> [Stored data]:
◆ ◆ ◆ ◆ ◆
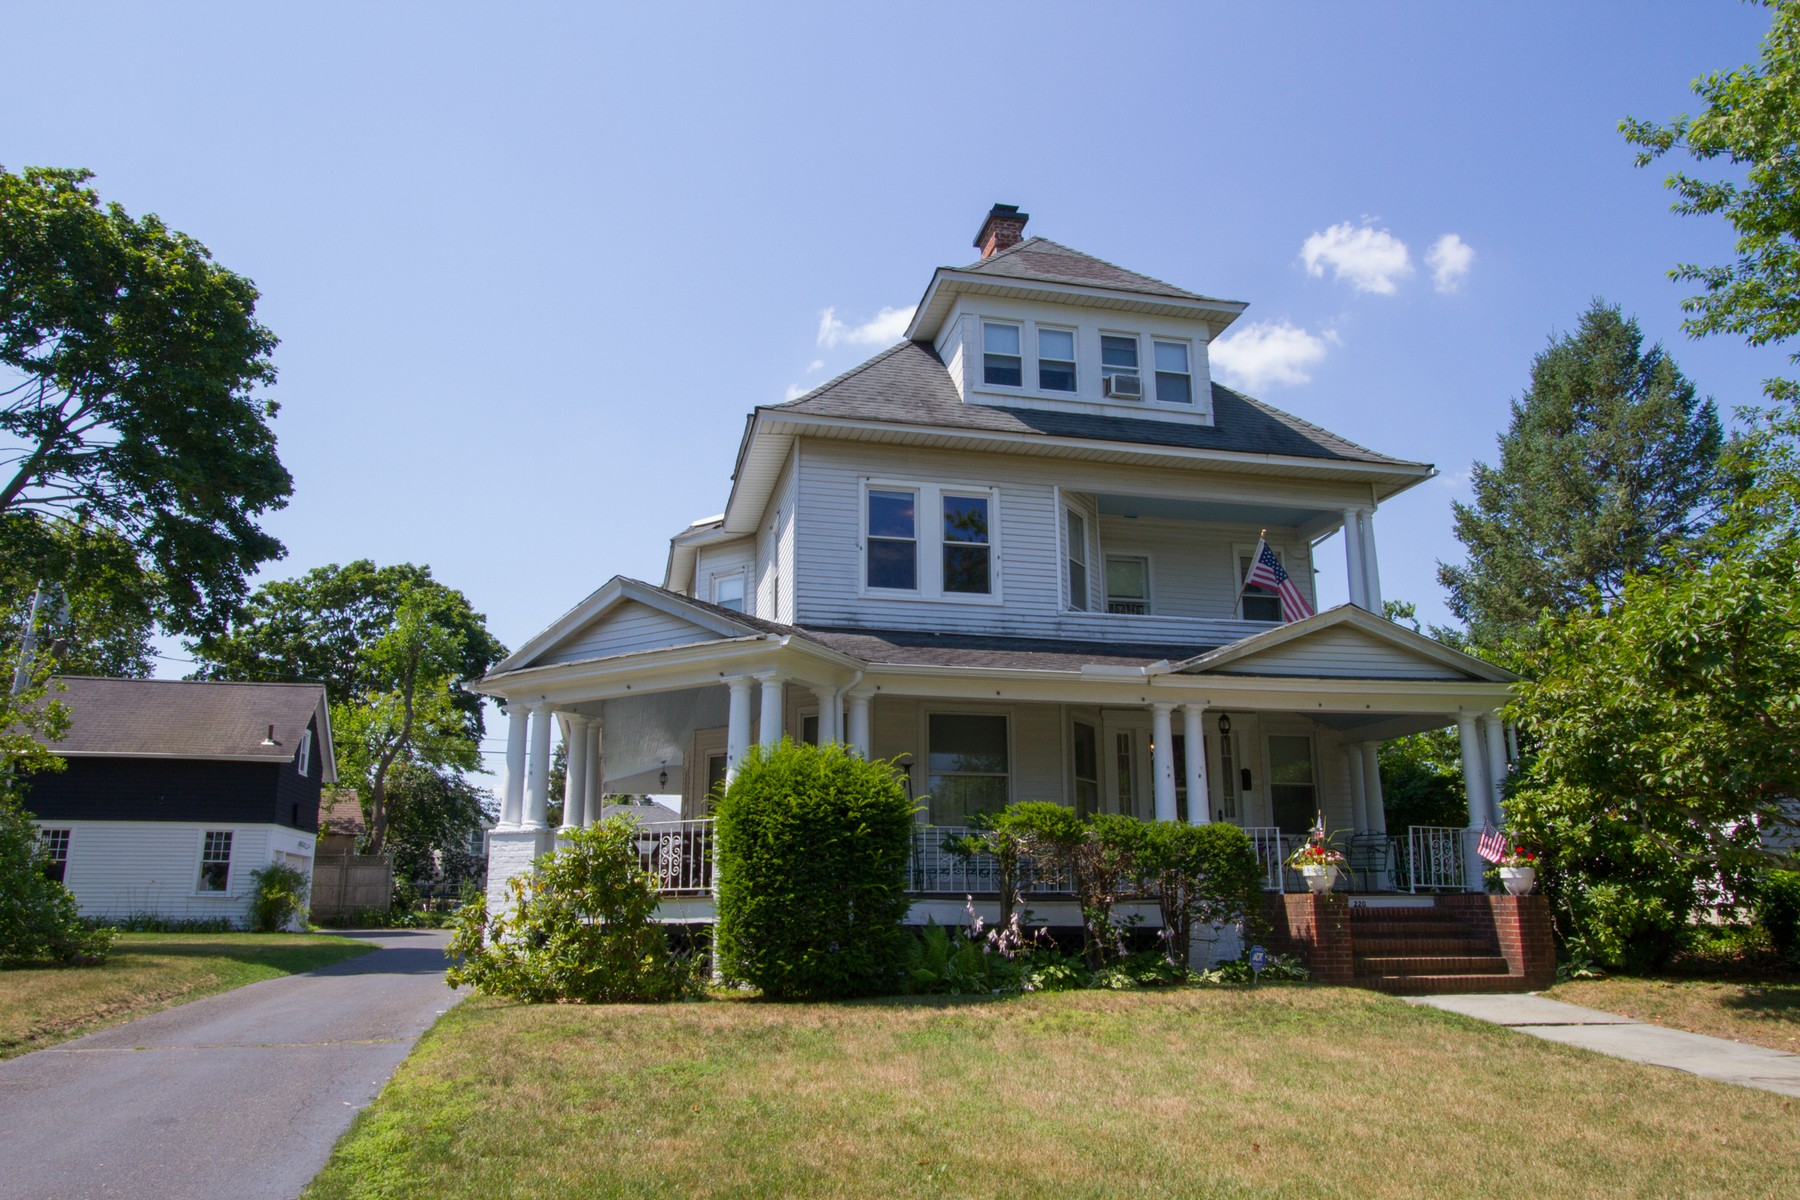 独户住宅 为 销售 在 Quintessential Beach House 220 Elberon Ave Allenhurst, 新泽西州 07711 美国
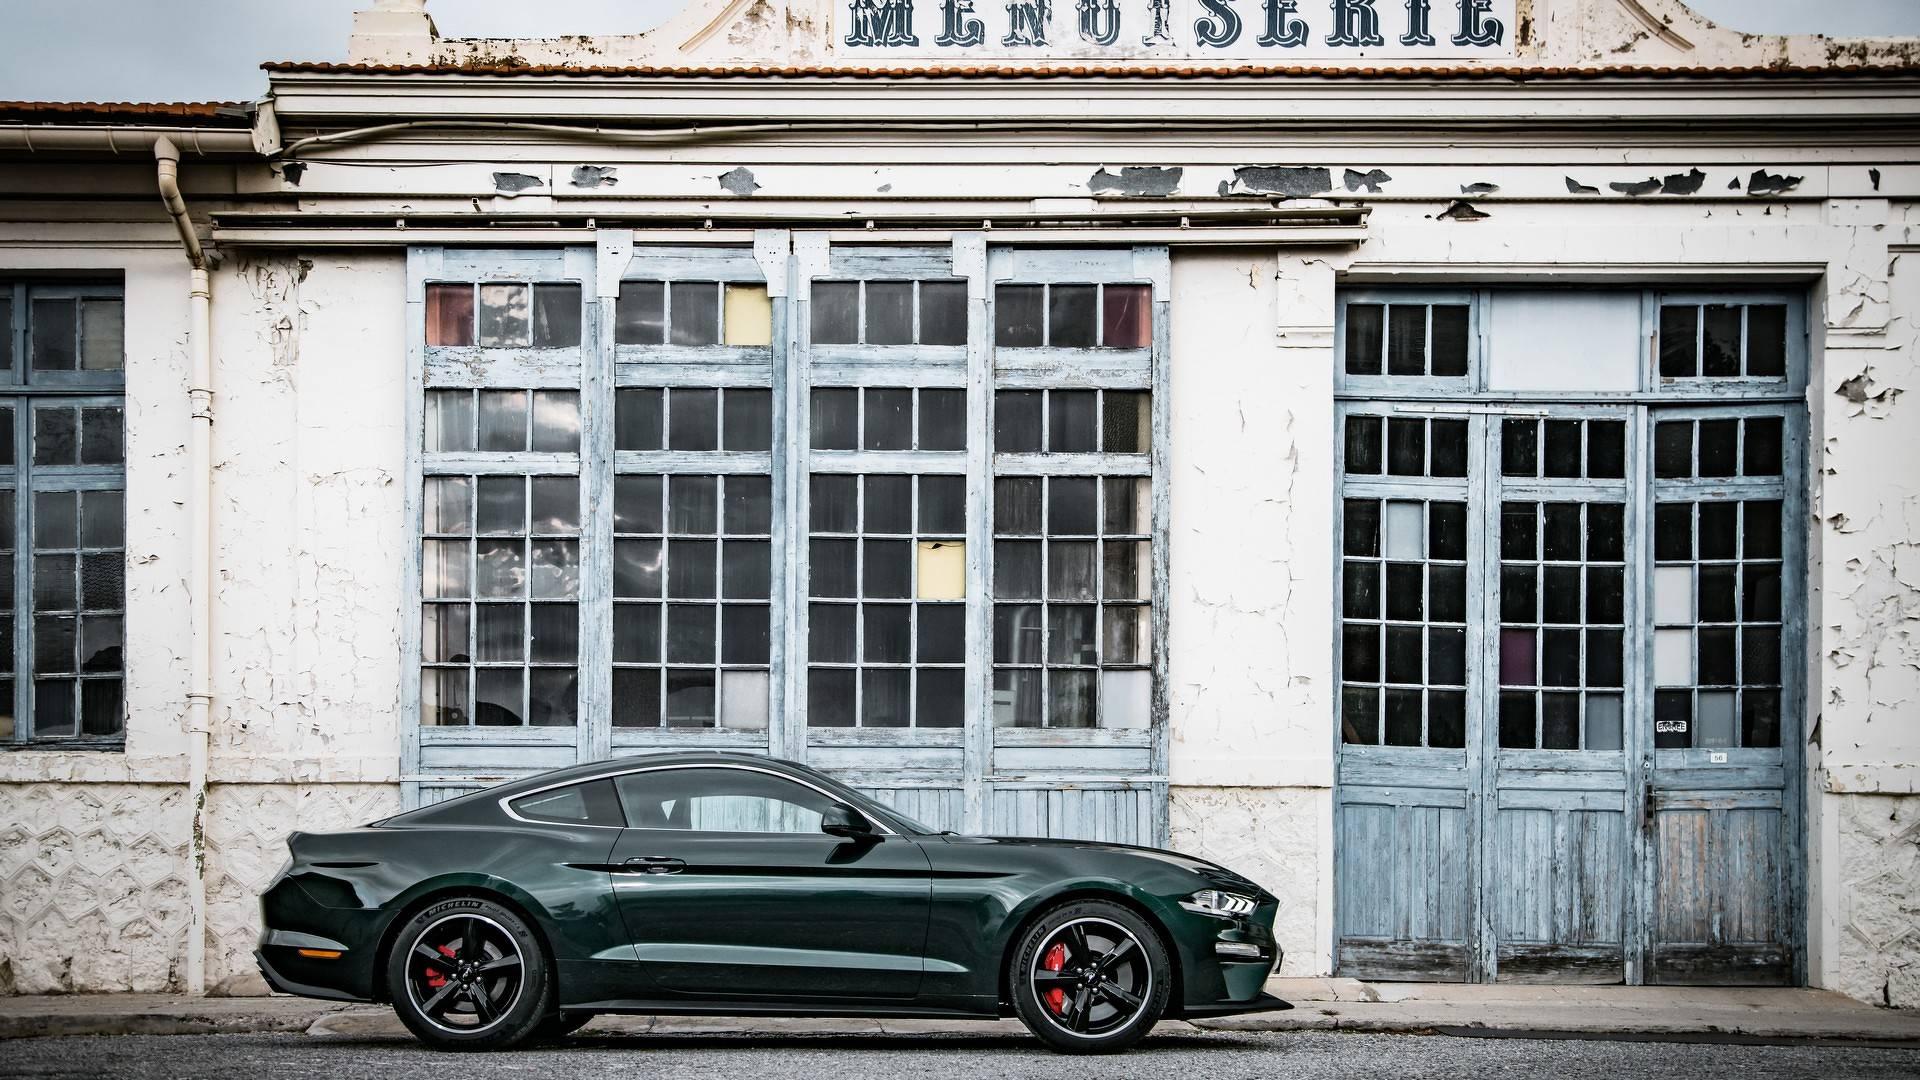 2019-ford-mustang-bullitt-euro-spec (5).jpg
◆ ◆ ◆ ◆ ◆
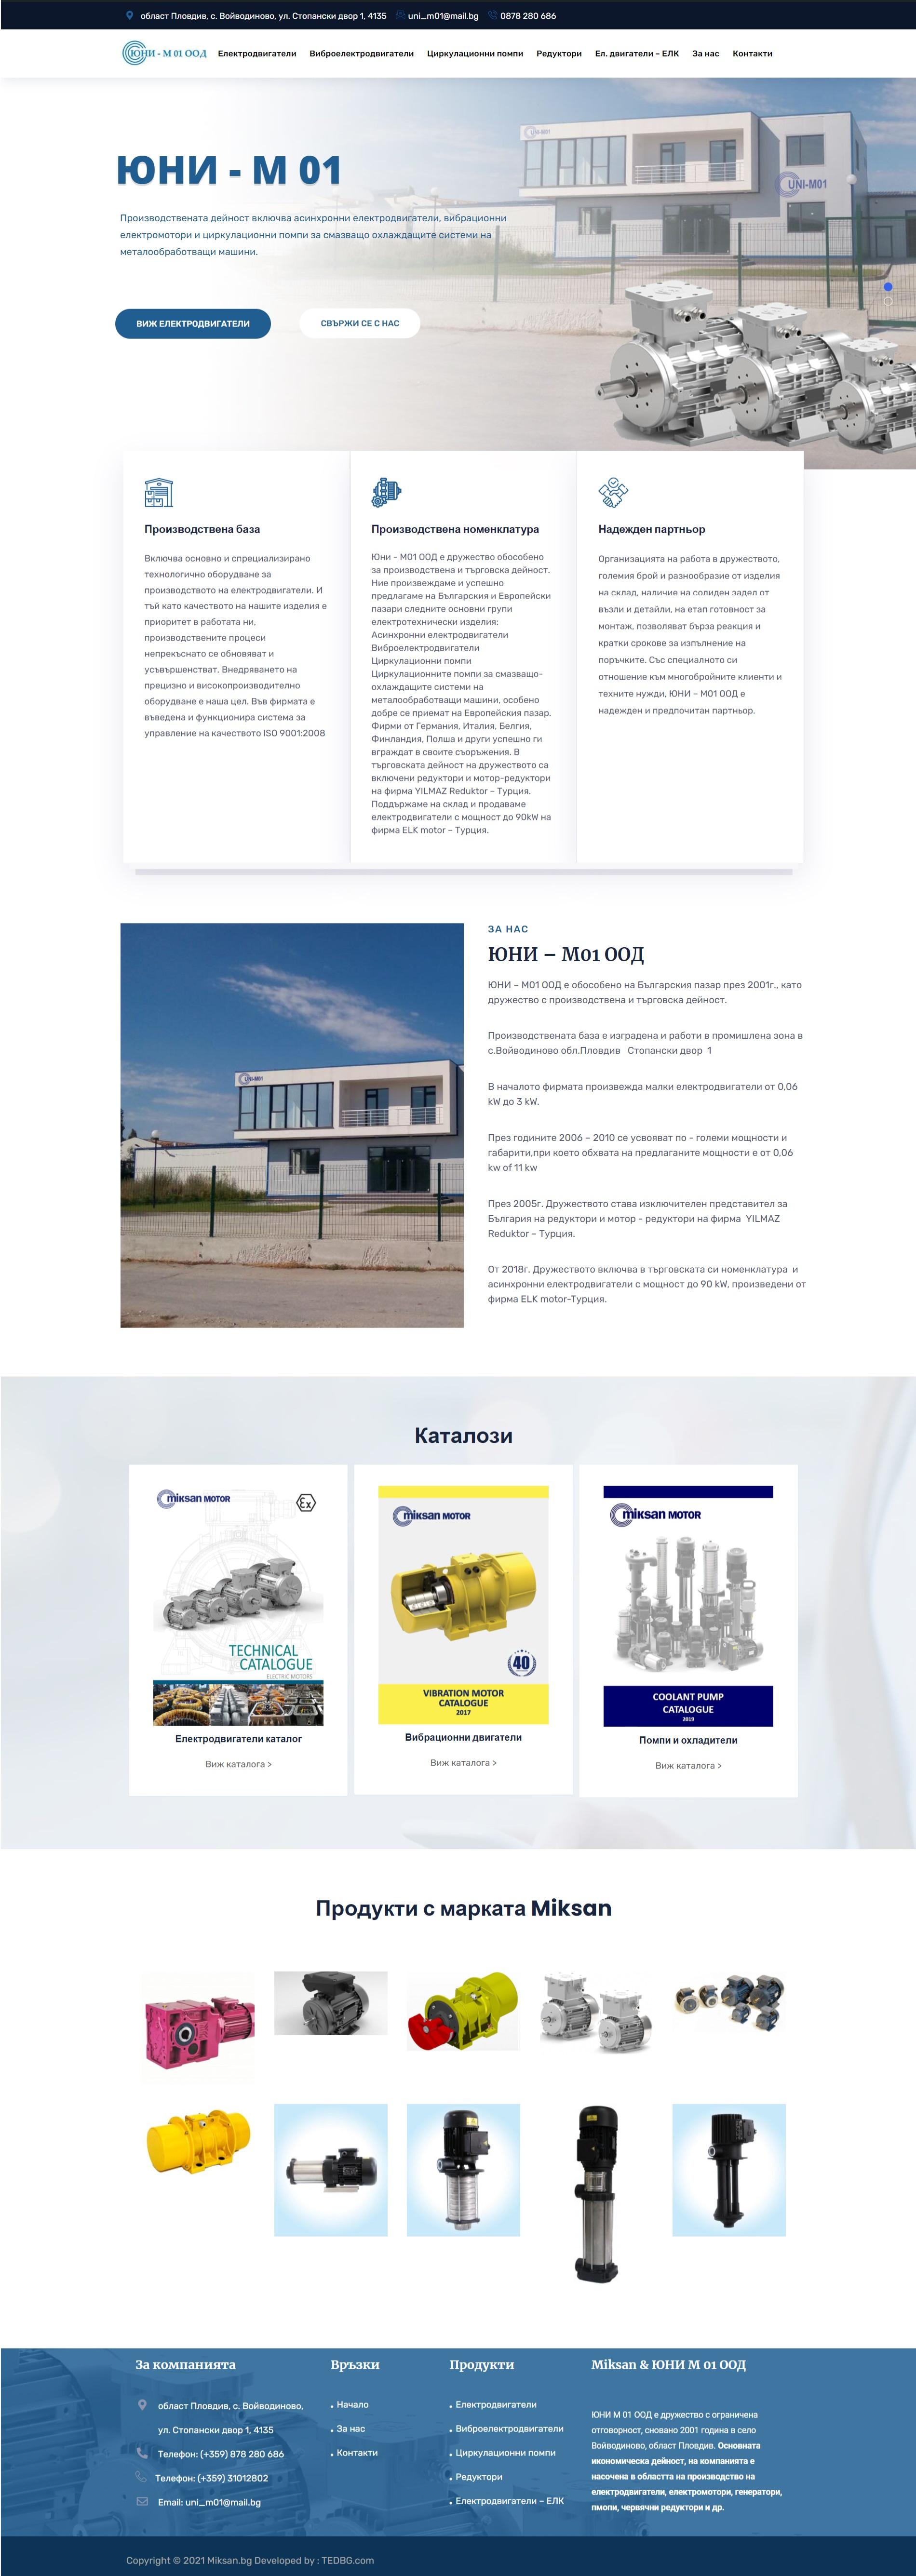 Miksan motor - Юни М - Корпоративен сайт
◆ ◆ ◆ ◆ ◆
> [Directions]:
Only the lines above from the one containing "独户住宅 为 销售 在" through the one containing "2019-ford-mustang-bullitt-euro-spec (5).jpg" should be returned, verbatim and inclusive, with pictures excluded.

> [Exercise response]:
 独户住宅 为 销售 在 Quintessential Beach House 220 Elberon Ave Allenhurst, 新泽西州 07711 美国
 2019-ford-mustang-bullitt-euro-spec (5).jpg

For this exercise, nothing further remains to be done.